Lactarius scoticus is a member of the large milk-cap genus Lactarius in the order Russulales. It is found in Europe, where it grows in peat bogs in a mycorrhizal association with birch.

==Taxonomy==
The species was first described by British mycologists Miles Joseph Berkeley and Christopher Edmund Broome in 1879. The type collection was made near Aboyne (a village located near the edge of the Scottish Highlands) in 1862; the type locality is referred to in the specific epithet scoticus (Scotland).

==Description==
The cap is initially convex before developing a central depression, sometimes becoming funnel-shaped, and reaches diameters of 1.4–6 cm. The cap surface is smooth overall and dry, but sometimes has small cracks in the center, and an increasingly felt-like texture moving towards the margin, which is usually fringed with 1–2-mm long hairs. The colour is initially pale cream to whitish, later becoming pale pinkish-buff to cream, with a more yellowish to yellowish-brown centre.

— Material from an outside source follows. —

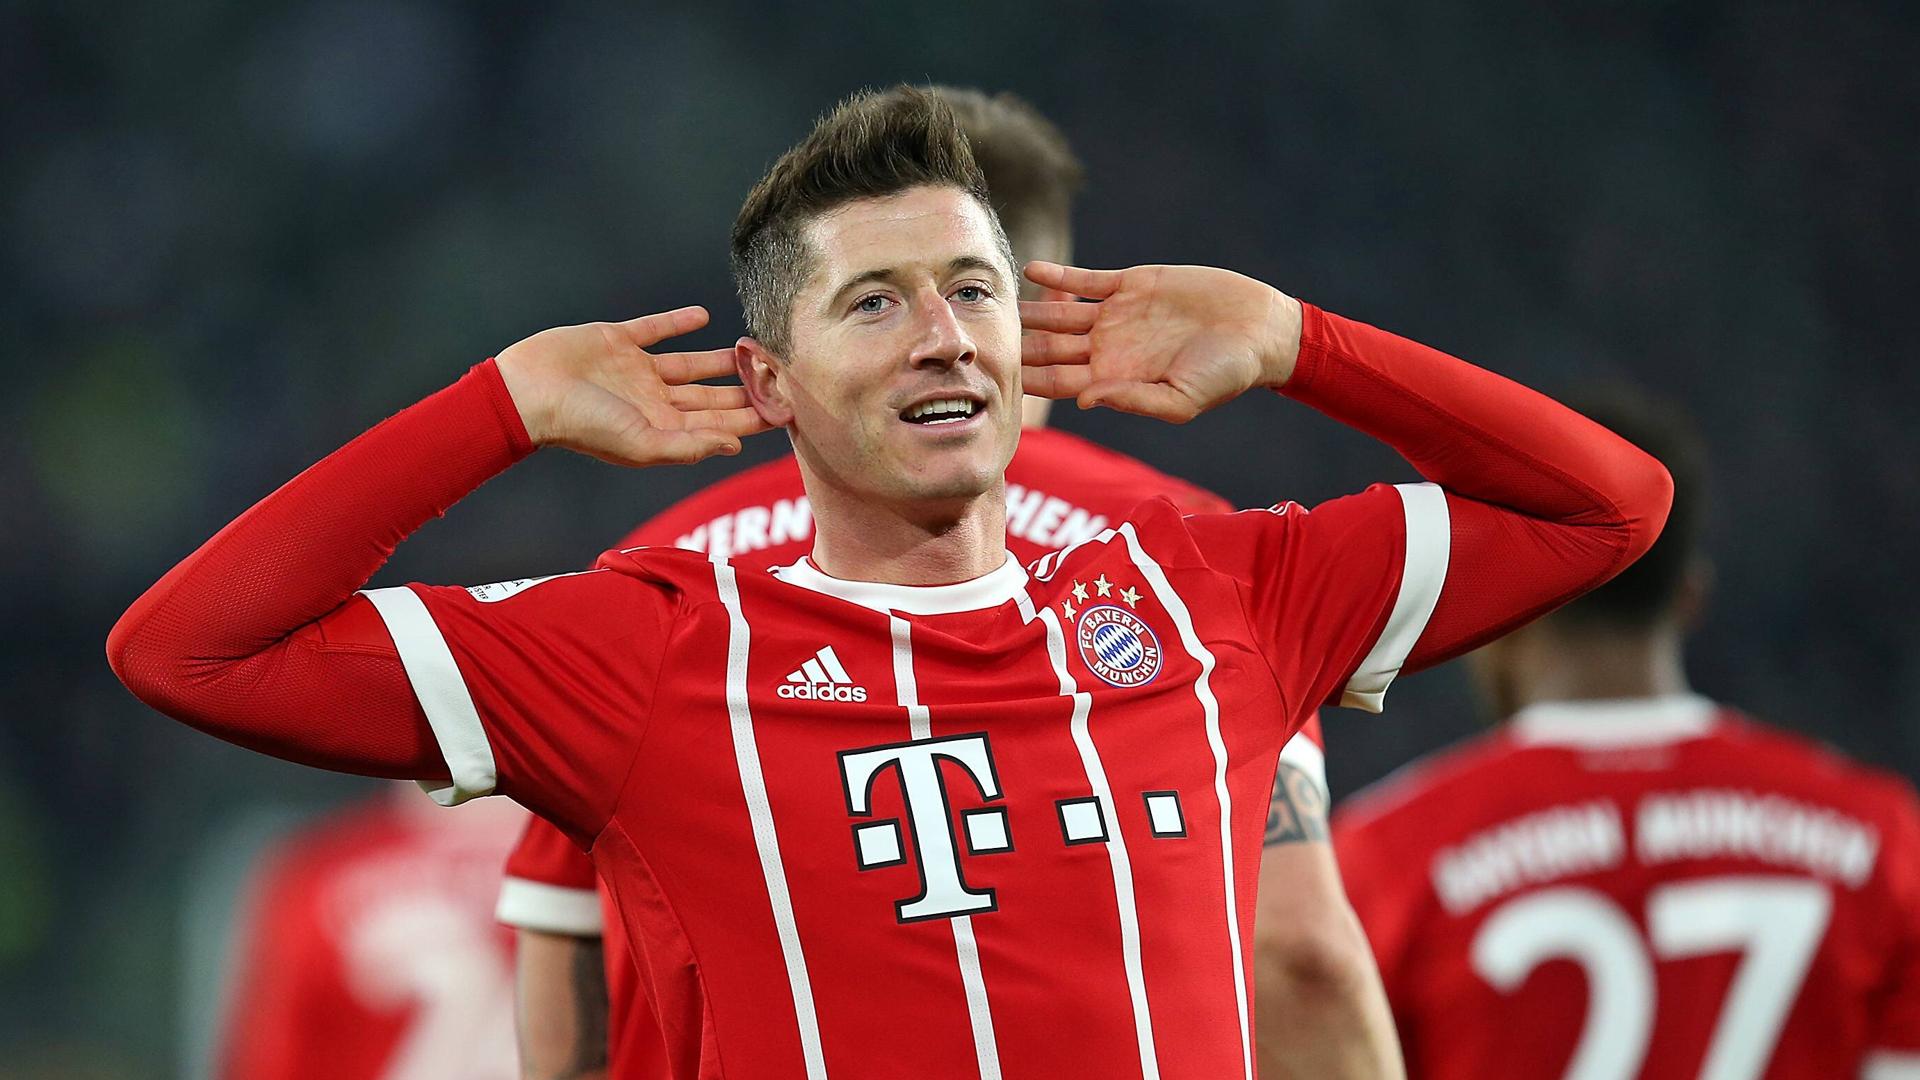 Lewandowski: «Es war kein gutes Spiel von uns» (ARD, Hans-Peter Pull)

The crowded gills have an adnate to decurrent attachment to the stipe. Whitish to pale pinkish-buff in colour, they are sometimes forked near the stipe attachment. The stipe measures 2.0–7.5 cm long by 0.4–1 cm in diameter, and is either cylindrical to slightly club-shaped. It has a smooth to finely felty surface with a light cream to pinkish-buff colour. The flesh is similar in colour to the outer surfaces; it has an acrid taste and an acidic to fruity odour. The sparse latex is white and has an immediately acrid taste.

Lactarius scoticus mushrooms produce a pale cream spore print. Spores are ellipsoid in shape, measuring on average 6.5–6.9 by 4.9–5.0 μm. The spore surface features warts and ridges up to 0.5 μm high that are connected by thin ridges to form an incomplete reticulum. The basidia (spore-bearing cells) are cylindrical to club-shaped, four-spored, and measure 30–45 by 7–9 μm.

==Habitat and distribution==
Lactarius scoticus is found in European peat bogs, where is grows in a mycorrhizal association with birch species. Fruiting occurs from July to October.